Jousting armour is irrelevant. It's essentially a very expensive toy and it never saw use in the battlefield. Full-plate harnesses that were designed for battle weighed about 55 lbs which is half of the heaviest jousting armour. The contemporary of full-plate harnesses was the ouyoroi, which weighed from 35 lbs when it first started out in the 10th century to about 65 lbs when it was eventually replaced by the doumaru in the 15th-16th centuries. Incidentally, when the ouyoroi first began to be used in Japan, mail armour was the choice in Europe, and a mail coat of the time would weigh roughly 25 lbs. The assertion that Japanese armour was lighter is wrong. Also, if wood armour did exist in Japan, it way predates the samurai.

My statement of swords being sidearms, in Japan, as everywhere else, is a sweeping statement that includes pretty much any place and time where metal weapons were common. What I mean is that yes, the samurai did in fact use spears and other polearms, clubs, bows and later, the matchlock arquebus as their main battlefield weapon, _but they also had a sword as a backup_. Swordsmanship was never the most important battlefield skill.

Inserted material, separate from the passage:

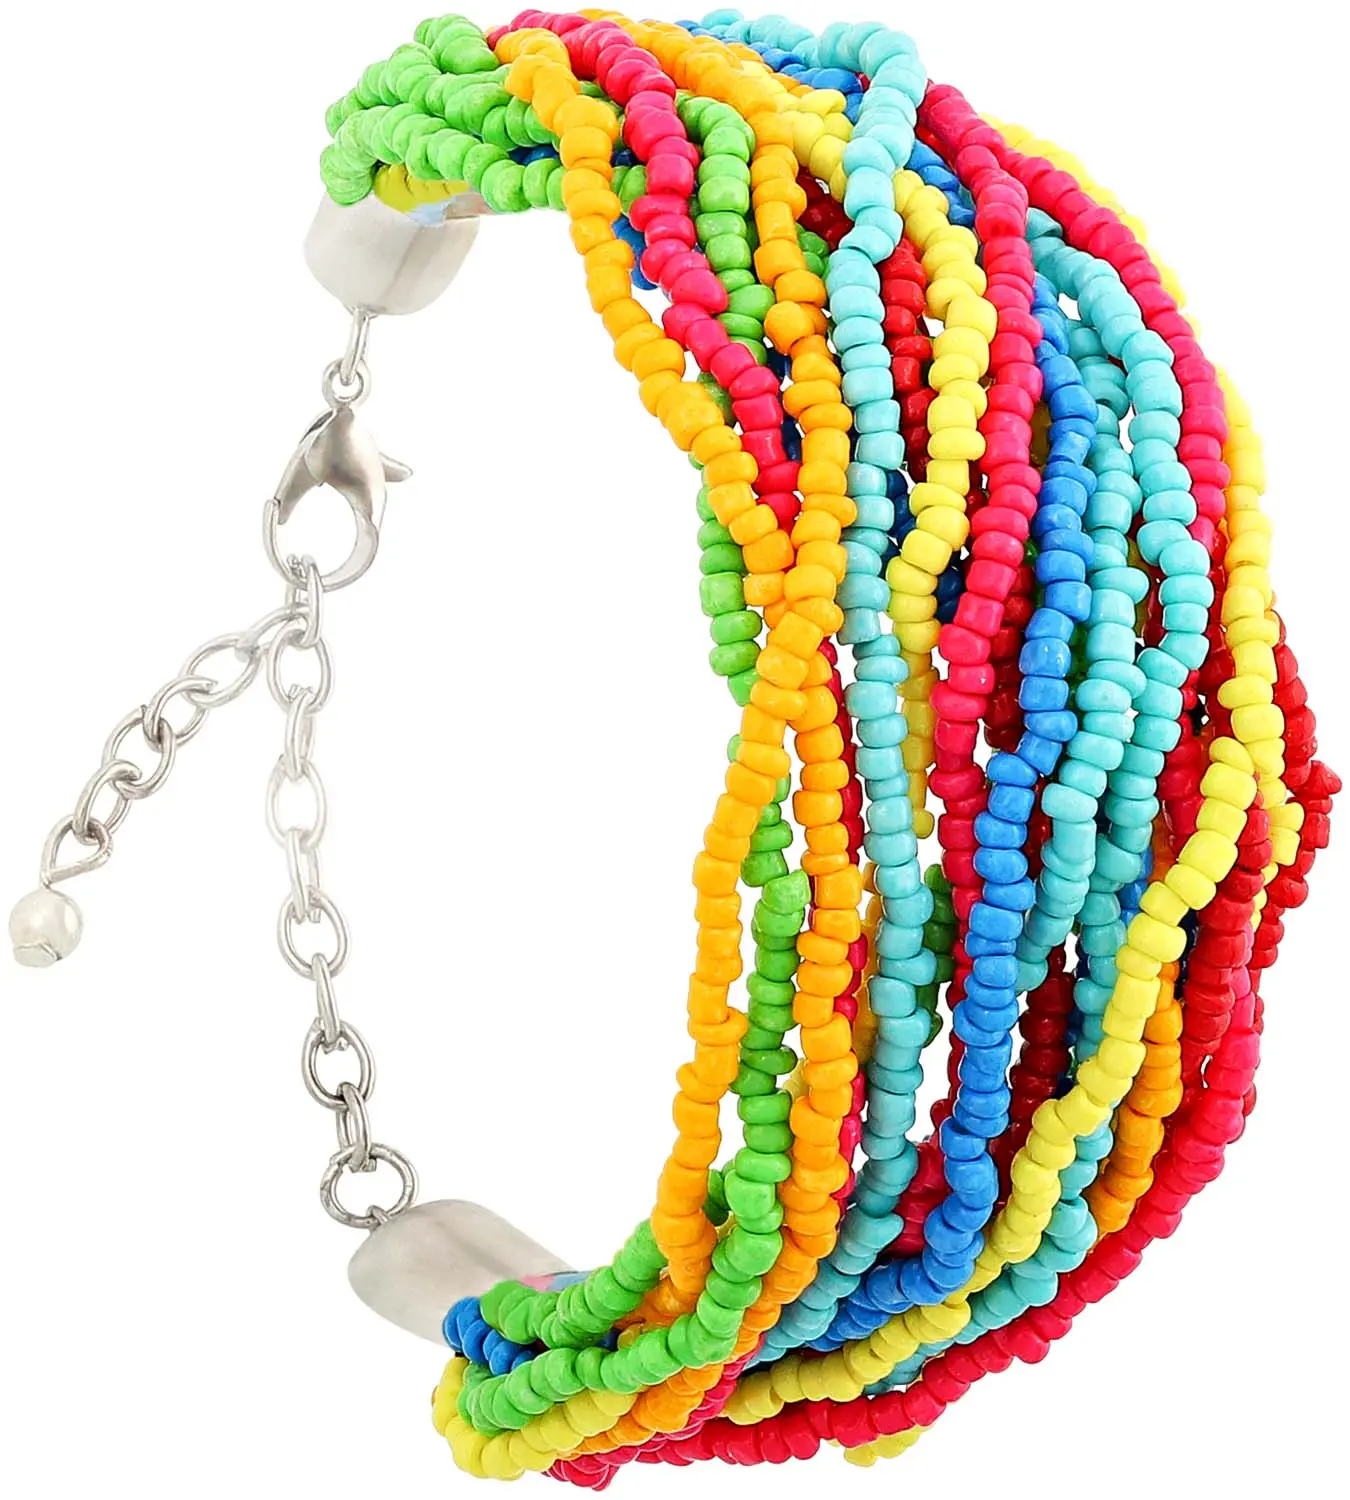 Braccialetto - Multicolored Beads
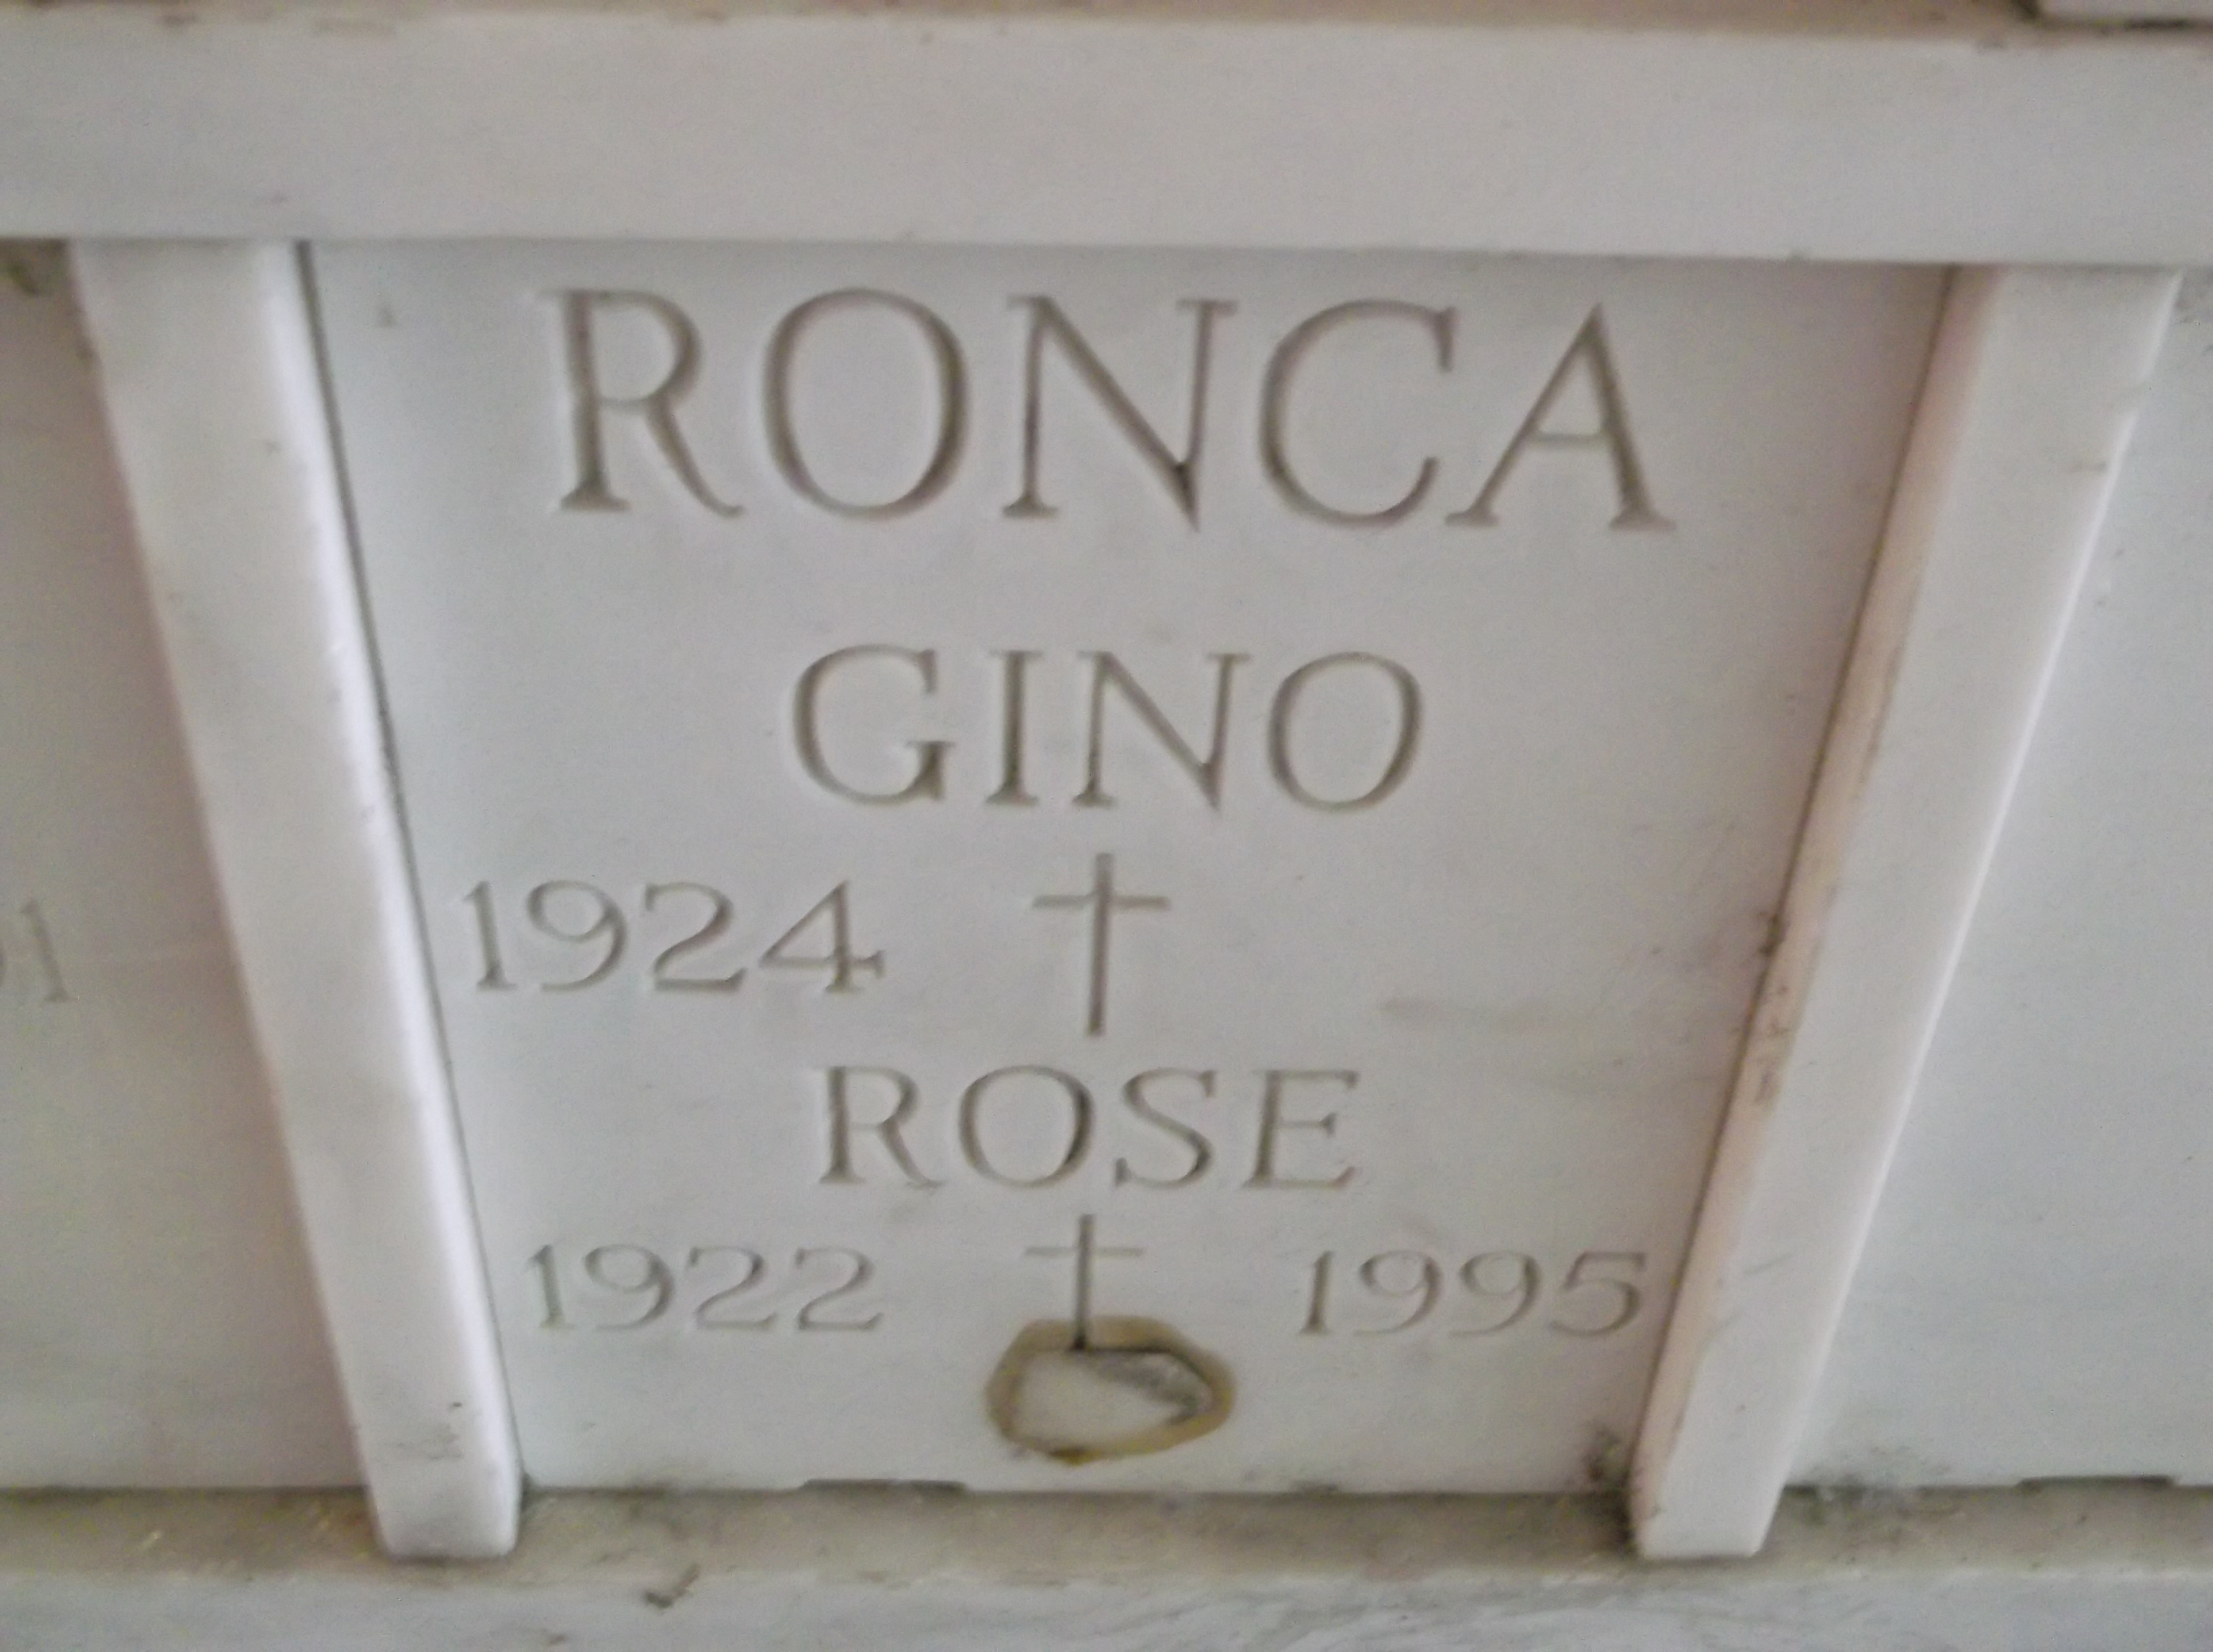 Rose Ronca

Guess what? That was the exact same in medieval Europe. The armoured gentry used spears, poleaxes, maces, sometimes bows, and the best armour, with an arming sword or a longsword as a sidearm. In Japan, it was yari, naginata/nagamaki, kanabou, very often yumi, and the best yoroi, with a wakizashi and a tachi as a sidearm (and later, the tachi would be replaced by the katana). In terms of the men-at-arms versus the ashigaru, men-at-arms would use spear and shield, sometimes bows and crossbows, and one-handed axes, arming swords, messers, or long knives as sidearms. The ashigaru used again, yari, yumi, and often, had short swords or long knives as sidearms, especially towards the later periods.

On rather unrelated note, the usage of 刀 (katana/tou/chi) to mean sword amuses me to no end, since it technically means "curved, single-edged sword", and a curved, single-edged sword is, of course, a sabre.


----------



## psychotick (Mar 4, 2017)

Hi,

I seem to recall a mythbusters epp, where they tested Japanese paper armour. It was actually quite effective if it didn't get wet.

Cheers, Greg.


----------